What I have is a LSI MegaRAID SAS 9260-4i. The controller is from 2013. Year later LSI ceased to exist by aquisition. Also the product is rather extinct, Broadcom isn't known for their end user support. As there is proper Linux-driver and tooling after 11 years, I'm still running the thing.
A trivial MegaCli64 -AdpSetProp -AlarmSilence -aALL
makes the annoying beep go silent. Next, status of the volume: MegaCli64 -LDInfo -Lall -aALL
reveals the source for alarm:
Adapter 0 -- Virtual Drive Information:
Virtual Drive: 0 (Target Id: 0)
Name :
RAID Level : Primary-1, Secondary-0, RAID Level Qualifier-0
Size : 7.276 TB
Sector Size : 512
Mirror Data : 7.276 TB
State : Degraded
Strip Size : 64 KB
Number Of Drives : 2
Darn! Degraded. Uh/oh. One out of two drives in a RAID-1 mirror is gone.

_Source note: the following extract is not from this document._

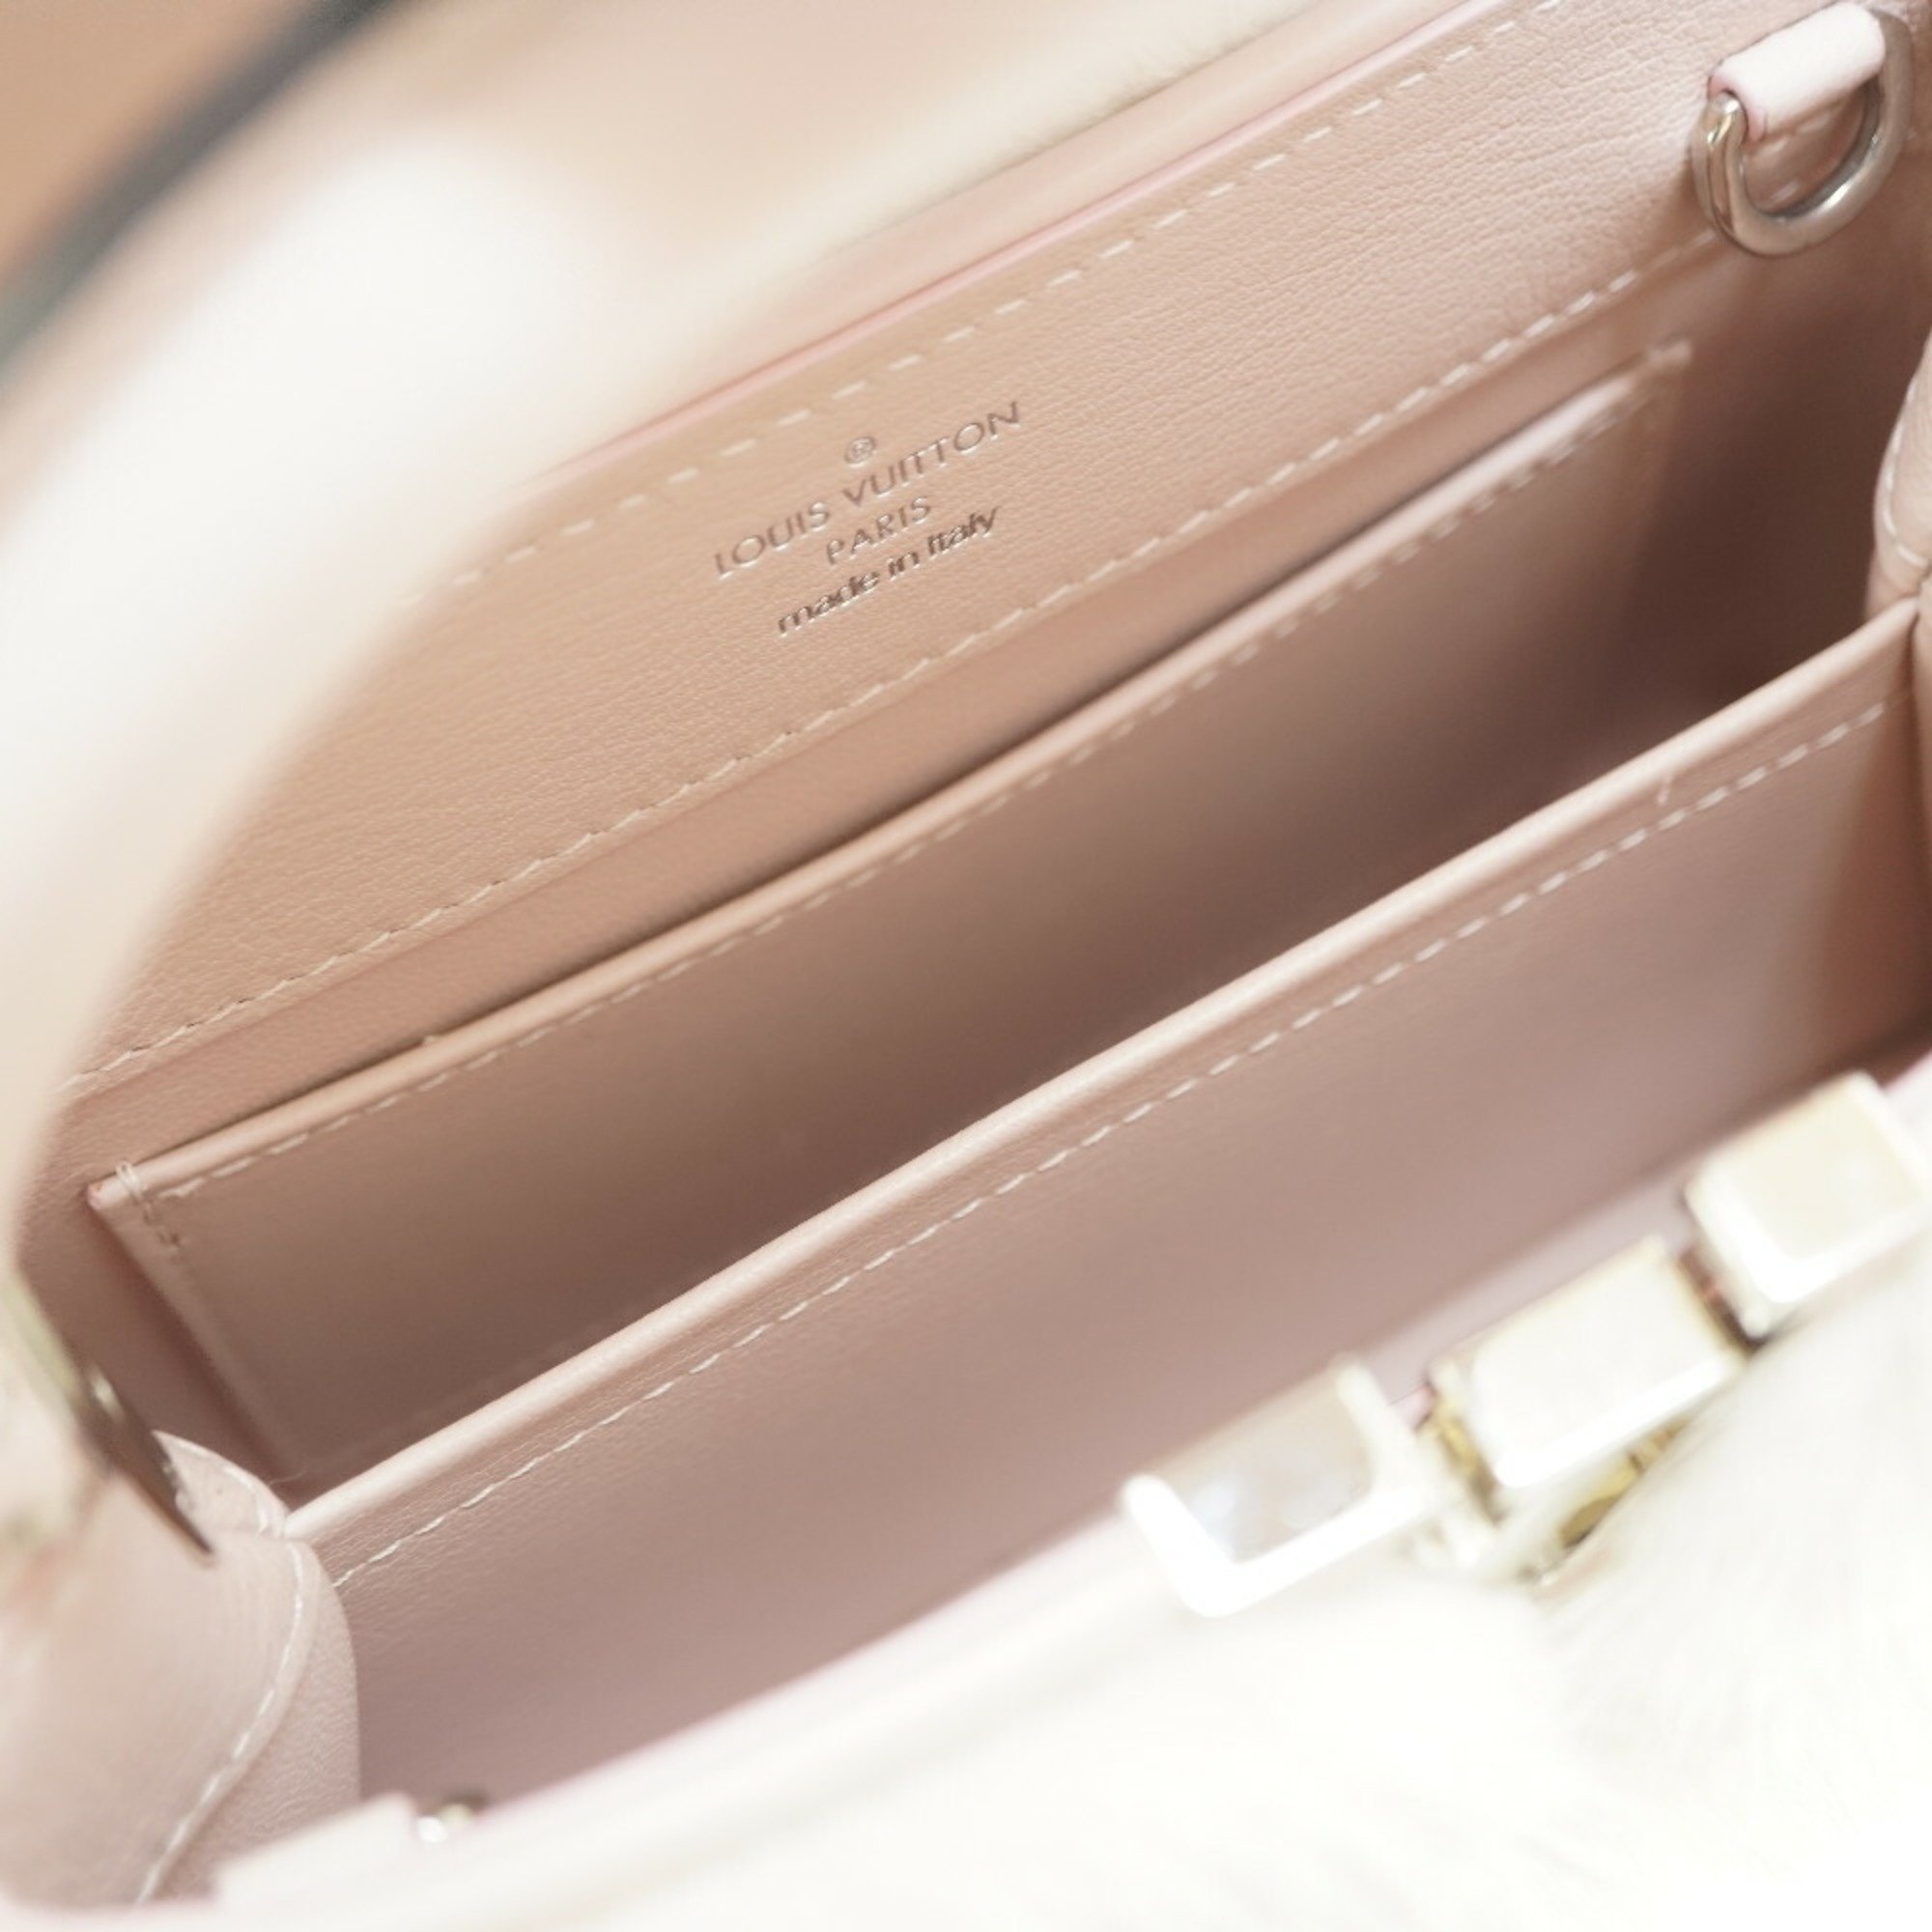 Louis Vuitton Capucines Mink M56916 Shoulder Handbag Pink LV 0051LOUIS VUITTON with shoulder strap

In detail, drive list MegaCli64 -PDList -a0
(for clarity, I'm omitting a LOT of details here):
Adapter #0
Enclosure Device ID: 252
Slot Number: 0
Drive's position: DiskGroup: 0, Span: 0, Arm: 1
Device Id: 7
PD Type: SATA
Raw Size: 7.277 TB [0x3a3812ab0 Sectors]
Firmware state: Online, Spun Up
Connected Port Number: 1(path0)
Inquiry Data: ZR14F8DXST8000DM004-2U9188 0001
Port status: Active
Port's Linkspeed: 6.0Gb/s
Drive has flagged a S.M.A.R.T alert : No
Enclosure Device ID: 252
Slot Number: 1
Drive's position: DiskGroup: 0, Span: 0, Arm: 0
Device Id: 6
PD Type: SATA
Raw Size: 7.277 TB [0x3a3812ab0 Sectors]
Firmware state: Failed
Connected Port Number: 0(path0)
Inquiry Data: ZR14F8PSST8000DM004-2U9188 0001
Port's Linkspeed: 6.0Gb/s
Drive has flagged a S.M.A.R.T alert : No
For slots 0-3, the one connected to cable #1 is off-line. I've never go the idea why ports have different numbering to slots. When doing the mechanical installation with physical devices, it is easy to verify cables matching the slot numbers, not port numbers.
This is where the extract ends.